Tehran’s arc of influence

Tehran’s objective is clear: an arc of influence from Iran through Iraq and Syria, anchored in Lebanon by Hezbollah. From this geographic base, terrorist attacks against Israel, Jordan and the Arabian Peninsula’s oil-producing monarchies, conventional warfare and ultimately even nuclear weapons are entirely feasible.

There should be little doubt that Iran, whose path to deliverable nuclear weapons was paved by Obama’s 2015 nuclear agreement, would readily use or threaten to use those weapons, or provide them to terrorists, to achieve regional hegemony. Iran’s continuing menace as a terrorist state is inextricably linked to its nuclear program, and that is one reason why Obama’s nuclear deal is so inadvisable.

It also explains why meaningful anti-terrorism cooperation with Russia is impossible as long as Russia aligns itself with the ayatollahs.

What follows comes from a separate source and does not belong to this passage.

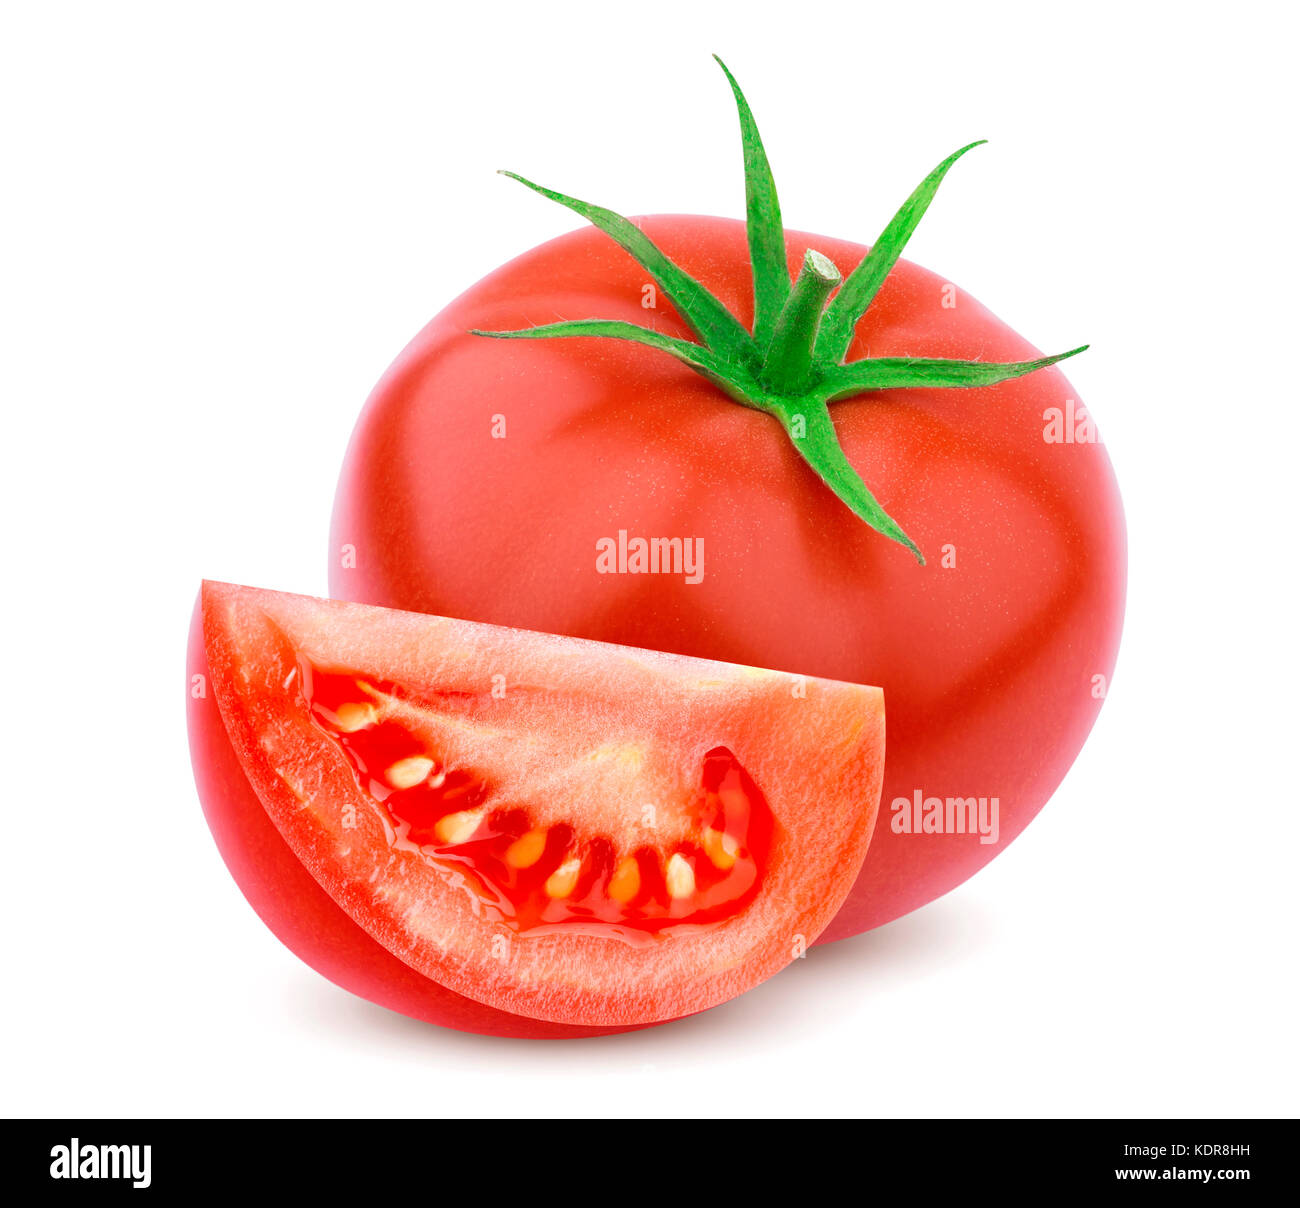 Single tomato isolated on white background Stock Photo

The grim reality is that Russia and Iran are functional allies in this and probably future Middle East wars, less interested today in destroying ISIS than in consolidating and expanding their positions in preparation for the next conflict.

Russia stood by Assad even when his prospects looked bleakest during Syria’s bloody post-2011 civil war. Moscow was determined not only to maintain its Tartus naval facility in Syria, but to expand its reach, regaining levels of influence unmatched since Anwar Sadat expelled Soviet military advisers in the 1970s.

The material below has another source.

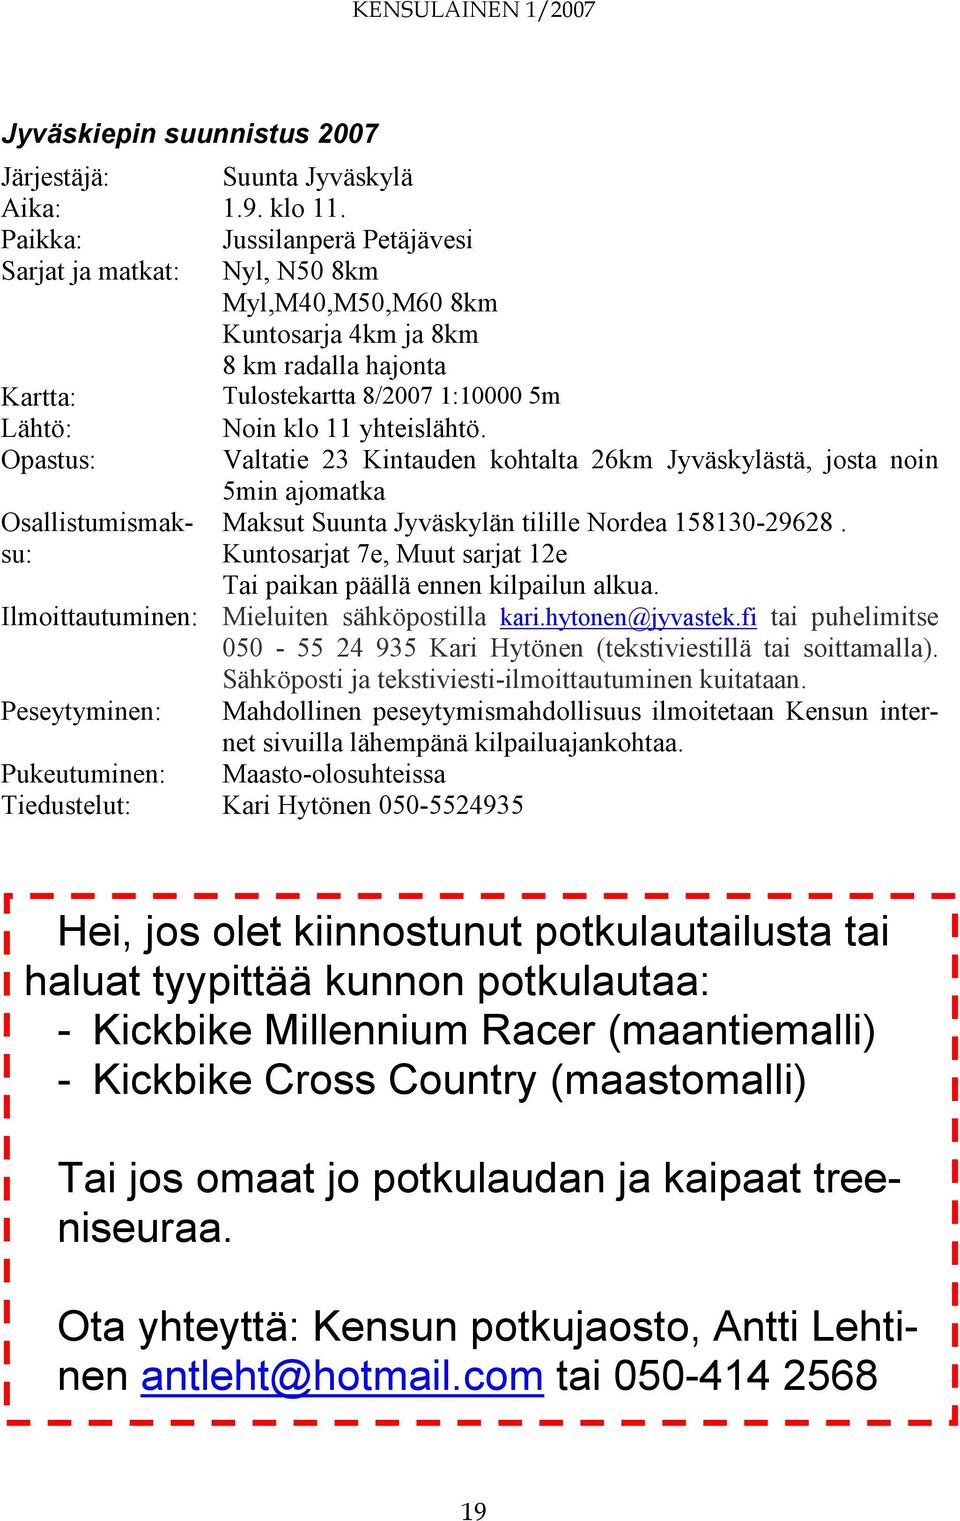 Opastus: Valtatie 23 Kintauden kohtalta 26km Jyväskylästä, josta noin 5min ajomatka Osallistumismaksu: Maksut Suunta Jyväskylän tilille Nordea 158130-29628.

By unequivocally calling for ISIS’s immediate defeat, candidate Trump marked victory in this critical aspect of the war on terror a principal goal of his administration, distinguishing himself clearly from Hillary Clinton and Barack Obama. Now, to re-establish real international peace and security, we should achieve victory over ISIS in ways that protect America and its friends against the continuing nuclear and terrorist threats from Tehran’s radical Islamist regime.

John Bolton, a senior fellow at the American Enterprise Institute, was the U.S. permanent representative to the United Nations and, previously, the undersecretary of State for arms control and international security.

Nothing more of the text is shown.